Dataset records
━━━━━━

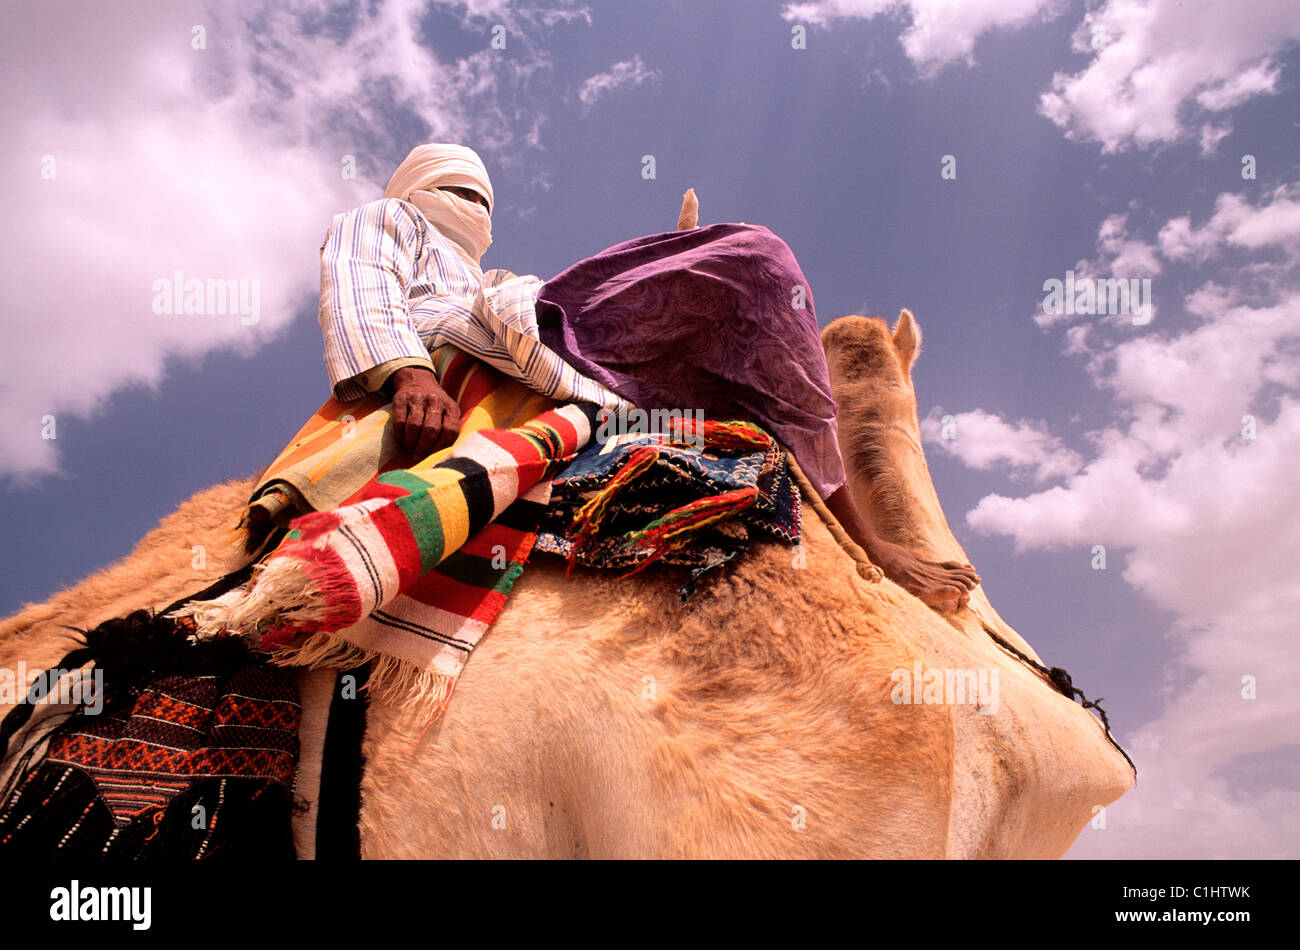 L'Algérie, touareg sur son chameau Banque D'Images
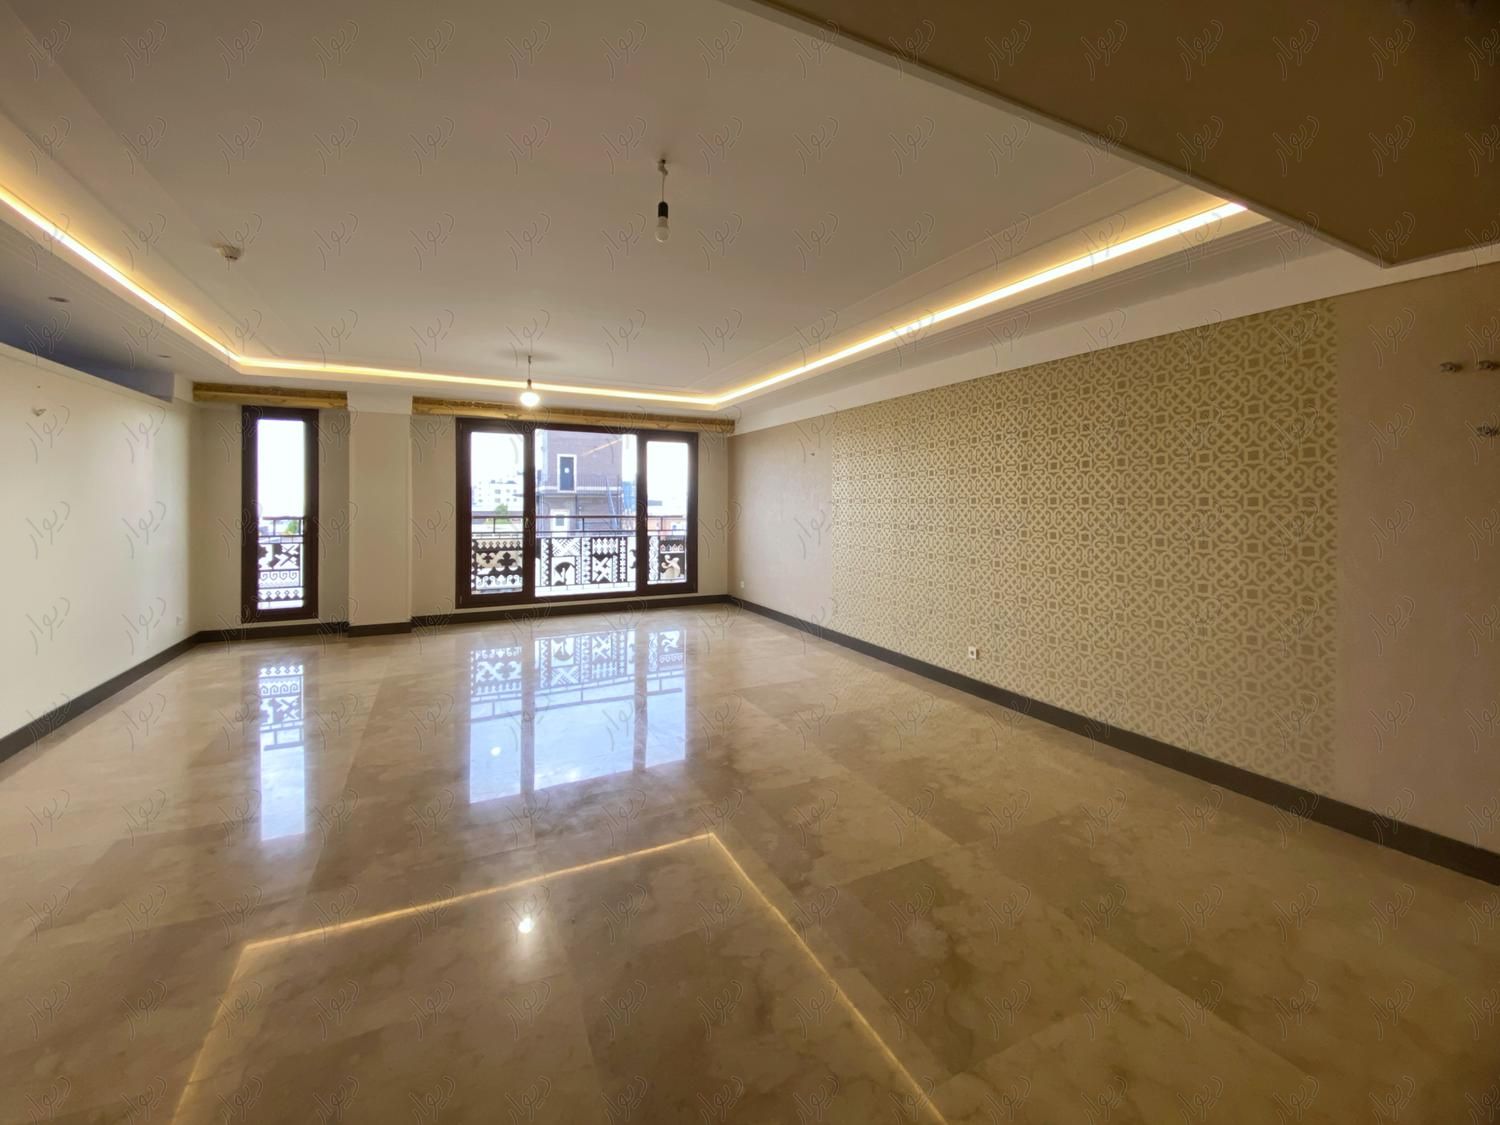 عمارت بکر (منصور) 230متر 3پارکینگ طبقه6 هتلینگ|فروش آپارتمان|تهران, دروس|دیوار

━━━━━━

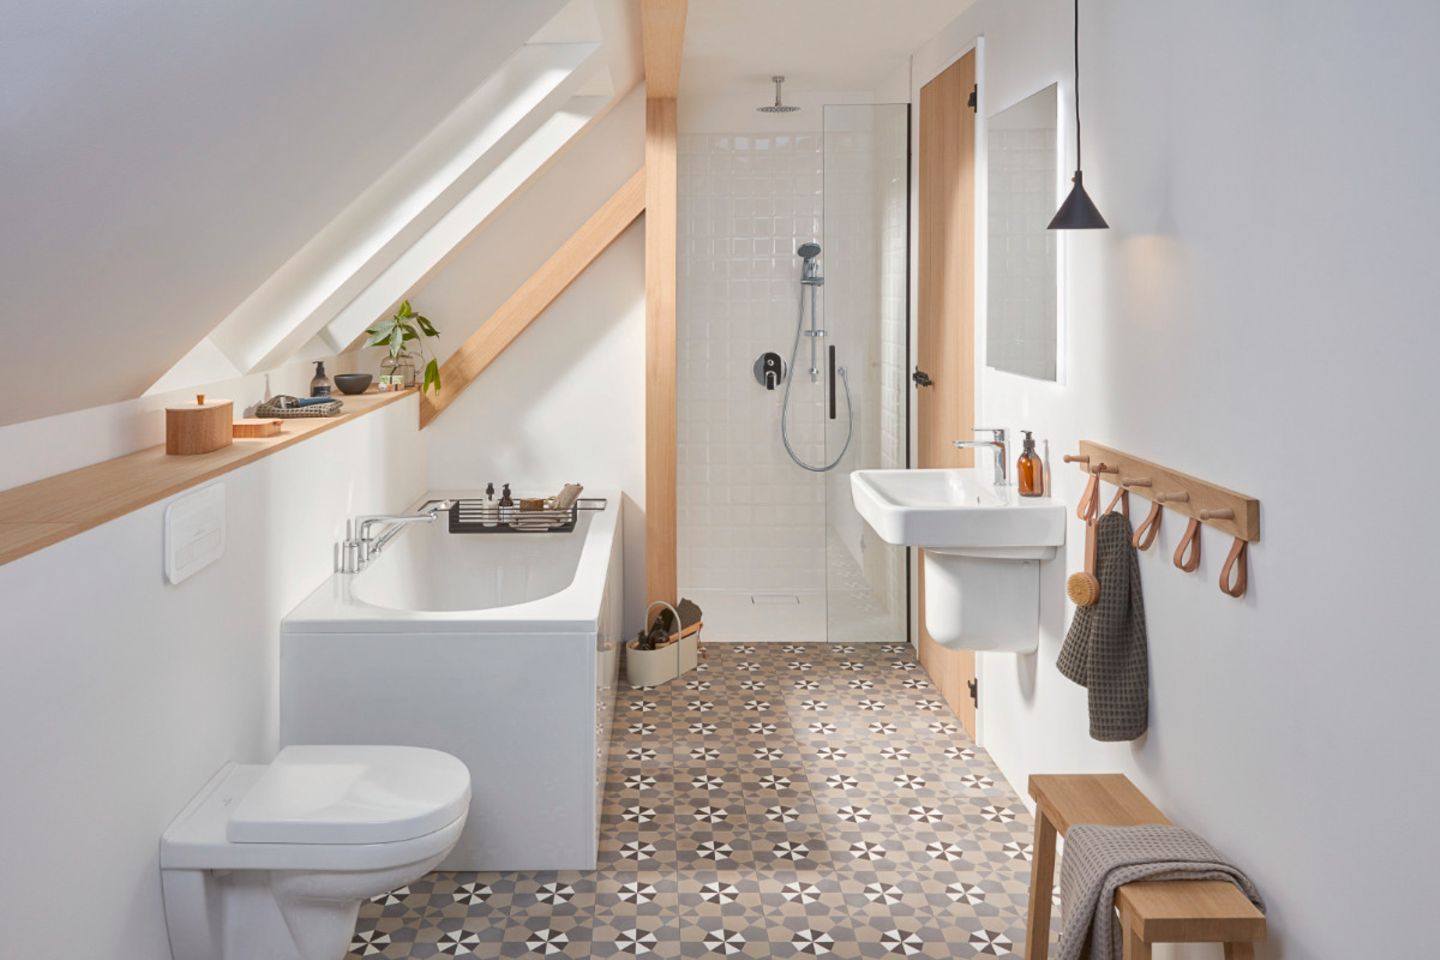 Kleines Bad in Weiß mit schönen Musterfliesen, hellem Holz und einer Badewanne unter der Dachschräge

━━━━━━

Please repeat the lines of the material above exactly, starting with the line that contains "L'Algérie, touareg sur" and ending with the line that contains "عمارت بکر (منصور)". Leave the pictures out.

 L'Algérie, touareg sur son chameau Banque D'Images
 عمارت بکر (منصور) 230متر 3پارکینگ طبقه6 هتلینگ|فروش آپارتمان|تهران, دروس|دیوار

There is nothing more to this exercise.